Opinion: Urbis Think Tank- Creating Liveable Communities


Australia is seeing increasing focus placed on the creation of inclusive communities – fully accessible to all Australians including those with a disability and the growing ageing population – and the significant cultural shift required to support a move towards fully inclusive communities.

Improved access to mainstream services for these populations, and adapted service delivery where necessary, while once the domain of the disability sector or the ageing sector, has become the responsibility of all Australians.

Urbis Public Policy has recently completed work for the NSW Department of Family and Community Services to uncover best practice when it comes to public sector planning for fully inclusive communities.

This work, centred on Disability Inclusion Action Plans – plans that public authorities are required to have by law to create inclusive communities – was the subject of a presentation delivered by Associate Director, Poppy Wise to 175 stakeholders at the LGNSW Liveable Communities Forum on Friday 12th September 2014 in Sydney.
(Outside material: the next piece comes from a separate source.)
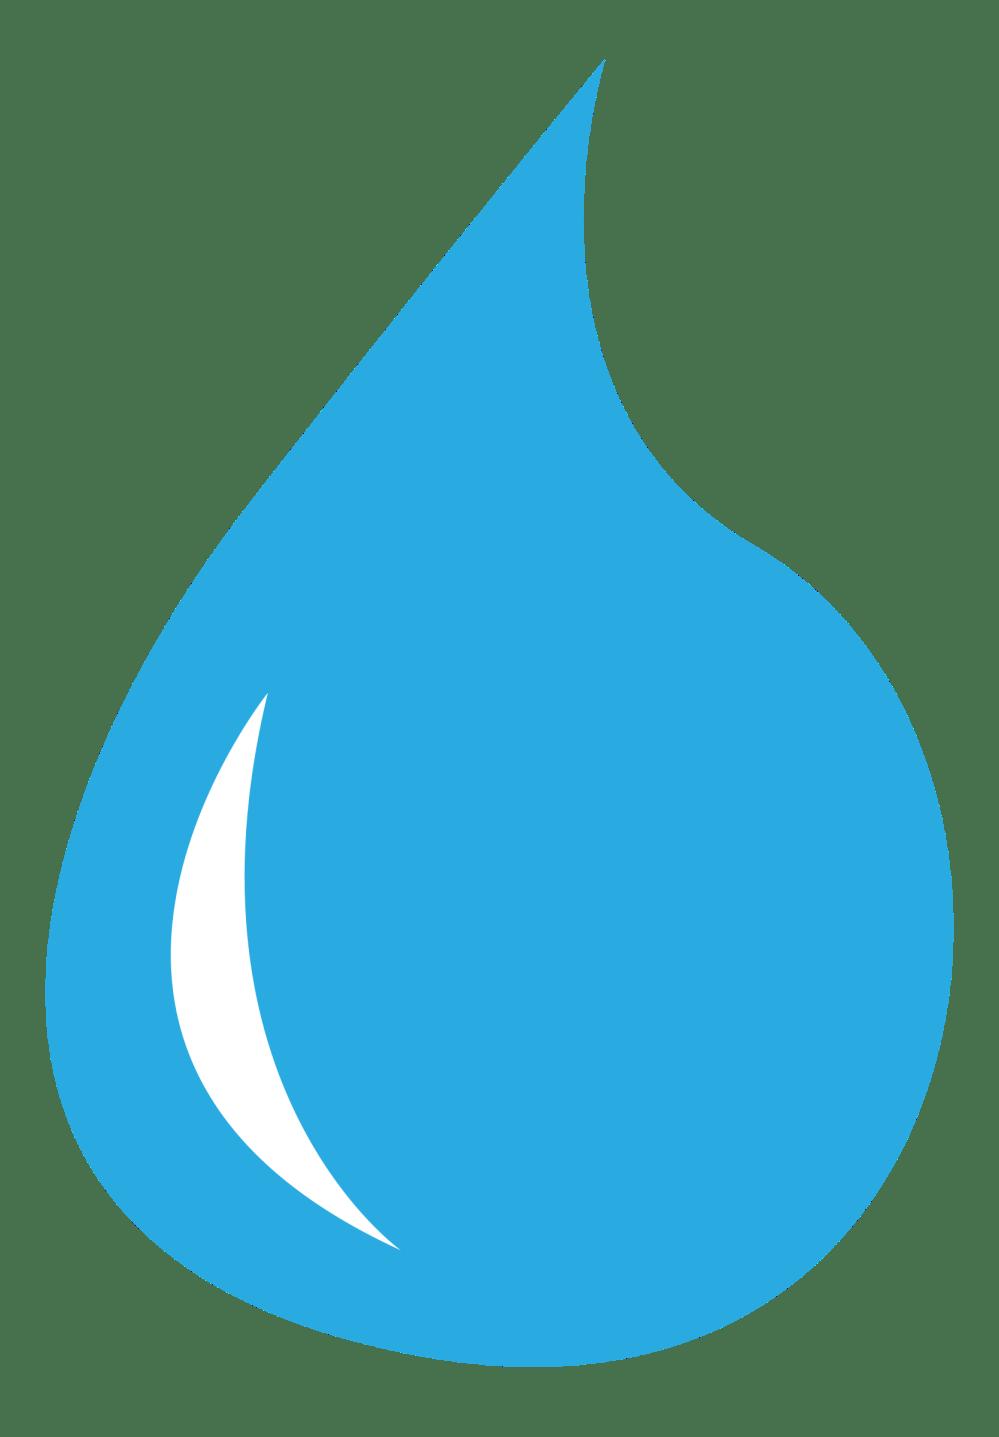 medium resolution of water droplet clipart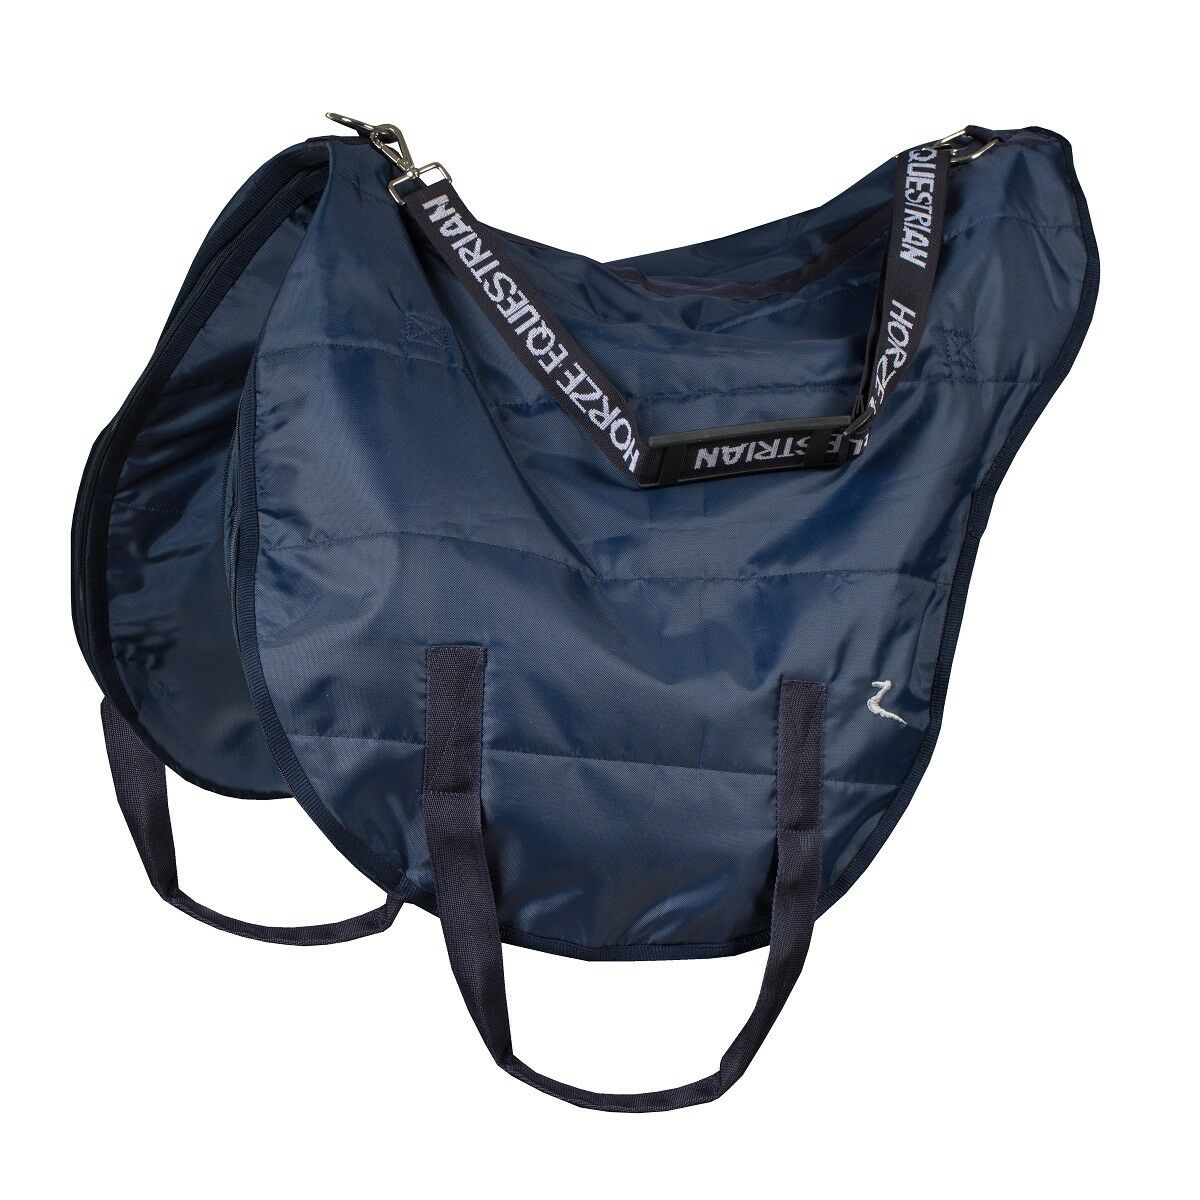 Horze Equestrian Navy Carry Strap Nylon All Purpose English Dressage  Saddle Bag  high quaity

“The Forum was an opportunity to share with key stakeholders, who will be the architects of planning and designing fully inclusive communities in NSW, what we found are the critical ingredients of best practice inclusion planning – namely integration, strong leadership and governance, genuine consultation and the opportunity to share ideas with peers.”

Reflecting on the importance of integrating inclusion planning with standard planning cycles, a NSW government stakeholder said, “As long as you have a standalone [disability inclusion action] plan, it will be a special plan for special people and not fully integrated. It should just be part of how we integrate all planning, part of the landscape planning thinking about any issue.”

The Urbis Public Policy work concluded strong inclusion plans have dual roles to play.

Externally, plans should be a strong public statement of commitment to affirm inclusion planning as central to the fabric of an organisation, and internally plans should contain a high level of operational detail – effectively becoming an instruction manual to guide design and implementation.